### Extracted records
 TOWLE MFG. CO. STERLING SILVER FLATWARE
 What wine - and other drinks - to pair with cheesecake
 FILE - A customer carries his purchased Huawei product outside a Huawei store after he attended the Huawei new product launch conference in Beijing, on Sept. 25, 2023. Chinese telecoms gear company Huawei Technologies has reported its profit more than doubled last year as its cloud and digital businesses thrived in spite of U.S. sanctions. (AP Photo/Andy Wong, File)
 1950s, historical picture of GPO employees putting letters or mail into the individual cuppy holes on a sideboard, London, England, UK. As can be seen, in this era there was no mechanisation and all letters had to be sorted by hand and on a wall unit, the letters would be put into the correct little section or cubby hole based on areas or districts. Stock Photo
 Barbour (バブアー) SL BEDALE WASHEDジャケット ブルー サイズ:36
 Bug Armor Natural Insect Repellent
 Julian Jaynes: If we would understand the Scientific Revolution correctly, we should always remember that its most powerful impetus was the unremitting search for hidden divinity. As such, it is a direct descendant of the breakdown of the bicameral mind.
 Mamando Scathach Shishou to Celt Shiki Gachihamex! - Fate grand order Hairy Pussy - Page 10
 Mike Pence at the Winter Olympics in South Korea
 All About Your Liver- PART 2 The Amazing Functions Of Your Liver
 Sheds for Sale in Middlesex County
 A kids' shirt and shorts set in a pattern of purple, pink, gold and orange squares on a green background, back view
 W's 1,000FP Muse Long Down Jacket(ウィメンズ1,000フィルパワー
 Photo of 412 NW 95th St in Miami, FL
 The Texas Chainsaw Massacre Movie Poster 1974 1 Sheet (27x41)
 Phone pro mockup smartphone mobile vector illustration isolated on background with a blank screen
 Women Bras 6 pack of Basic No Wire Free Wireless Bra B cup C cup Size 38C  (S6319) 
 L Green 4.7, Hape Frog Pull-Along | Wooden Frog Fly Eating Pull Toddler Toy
######
#### [Task to carry out]
Beginning with the line that has "The Texas Chainsaw", set down every line of the entries above through the final one, unchanged.

#### [Written answer]
 The Texas Chainsaw Massacre Movie Poster 1974 1 Sheet (27x41)
 Phone pro mockup smartphone mobile vector illustration isolated on background with a blank screen
 Women Bras 6 pack of Basic No Wire Free Wireless Bra B cup C cup Size 38C  (S6319) 
 L Green 4.7, Hape Frog Pull-Along | Wooden Frog Fly Eating Pull Toddler Toy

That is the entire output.